Joystream / atlas

Whitelabel consumer and publisher experience for Joystream
https://www.joystream.org
GNU General Public License v3.0
100 stars 44 forks source link

Playback issue #3954

Open ivanturlakov opened 1 year ago

ivanturlakov commented 1 year ago

Context https://pioneerapp.xyz/#/forum/thread/301

✅ Case 1:

URL: https://l1.media/video/364 Browser: Chrome 111.0.5563.64 (Official), (x86_64) Region: Ukraine, Kyiv Network speed: 50Mbps Load time until playback starts: 800ms(2nd try - 1300ms, 3rd try - 2300ms) Number of playback interruptions (buffering): No interruptions Bitrate (Size/Length): 1439MB/44min 25sec Chosen DP: https://sieemmanodes.com/distributor/api/v1/assets/879 Console errors, comments: No errors

⚠️ Case 2:

Number of playback interruptions (buffering): Buffering sometimes takes more than 3-5 seconds Sometimes, much more -

https://user-images.githubusercontent.com/46903215/226366782-e67b3c3b-2af7-479f-8a1c-8f9a108424cc.mov

Chosen DP: https://sieemmanodes.com/distributor/api/v1/assets/879 Console errors, comments: No errors

dmtrjsg commented 1 year ago

@ivanturlakov thanks for raising this, we will add this to the sprint which starts on Monday.
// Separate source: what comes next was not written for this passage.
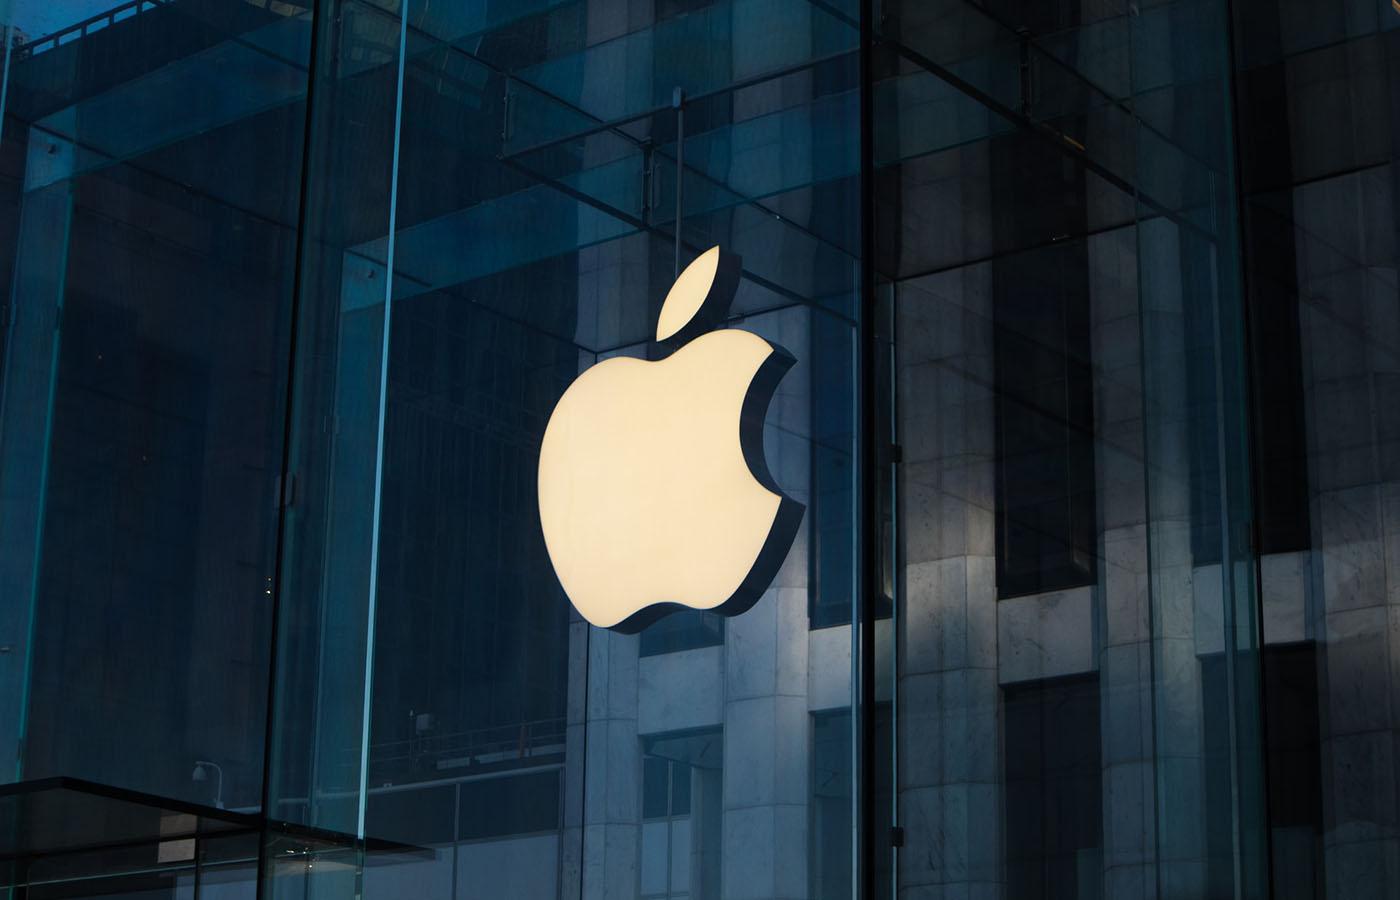 😱 Nova vakansija: Apple šukaje menedžera z dosvidom roboty z kryptoplatežamy

traumschule commented 1 year ago

other reported issues:

dmtrjsg commented 1 year ago

MM on Playback issues call held by JSG.

Present: @bedeho @Lezek123 @dmtrjsg @attemka

Playback issues - Solutions

1. Monitoring and Reporting

Understanding and detecting problems falls on DAO, but JSG needs to provide best opportunity for DAO team understand how well applications interact with infra.

Both downloading and uploading.

We need to introduce a standard how applications report how well things are going.

GH issue: https://github.com/Joystream/atlas/issues/3980

Priority = High. Before this one is done its not worth investing more time on other issues.

Owner: Artem


Current status on logging: we collect

ES server run by community, collects too much data, need to be reviewed as its too verbose and hard to make sense of.

ES and Kibana instance for Atlas that collects response times from distributor nodes. If errors from client perspective all collected there.

To do:

  1. Not generate more data before we analyse what we have.
  2. Connect the data that we already collect.
  3. Review and add set of tools to analyse it properly.

How easy is it to review/ collect data points / errors that we have?

Application level: There are diff type of severity logs; diff logs for debugging specific type; error logs; warnings. Implemented for both storage and distributor nodes use this.

Everything that storage and distributor leads need to know is already there.

We need to review severity levels (e.g. from warning to debugging)

Dedicated dash for Atlas:

https://atlas-services.joystream.org/kibana/app/dashboards?auth_provider_hint=anonymous1#/view/cecb4ca0-792a-11ec-8b96-2be5a346ee21?_g=(filters:!())&_a=(description:'',filters:!(),fullScreenMode:!f,options:(hidePanelTitles:!f,useMargins:!t),query:(language:kuery,query:''),tags:!(),timeRestore:!t,title:'SP%20dashboard',viewMode:view)

Leszek:We can have also instance-specific logs, to track the same for specific clients.

Artem: Availability and quality of service of distributors need to be separated and dealt separately.

It’s the time it takes to download that requires addressing.

__

How do we catch performance deterioration (takes too much time to load when skipping for instance).

__

There’s also Kibana dash exists for this: example: https://kibana.joystreamstats.live/login?next=%2F

__

JSG actions:

Not changing anything on Atlas side. We collect overview of who owns what, what access do they have.

JSG should respond to requests for additional data rather than trying to lead and enforce approach.

__

Artem: on Atlas side we only looked at distance to distributors, and not congestion (e.g. if 4 users already watching content, we didn’t factor that in).

Now that selection of distributors happens on Orion side, would be nice for distributor to add more feedback to Orion itself.

Action: issue to be raised for later, not the biggest problem whit.


Short term issue to be raised: Add monitoring to log entries for Argus to add specific query to the error. So we collect stats more precisely.


Bedeho to speak with Distributors lead and take this further.


JSG: test performance after distributors mgt is improved. There are tools to do multiple distributor requests for same content and see how this performs.

2. Multiple resolutions

Before diagnosing the problem more, not worth investing into introducing more than one.

3. Adaptive streaming

Parked for later

Summary

Biggest problem: some nodes are taking too long to deliver assets. Lead is able to detect this, and able to start operational and technical analysis, but that is not happening.

Objective: manage the distributors with aim to increase performance. This should be done before we add more data/ do any changes on apps side.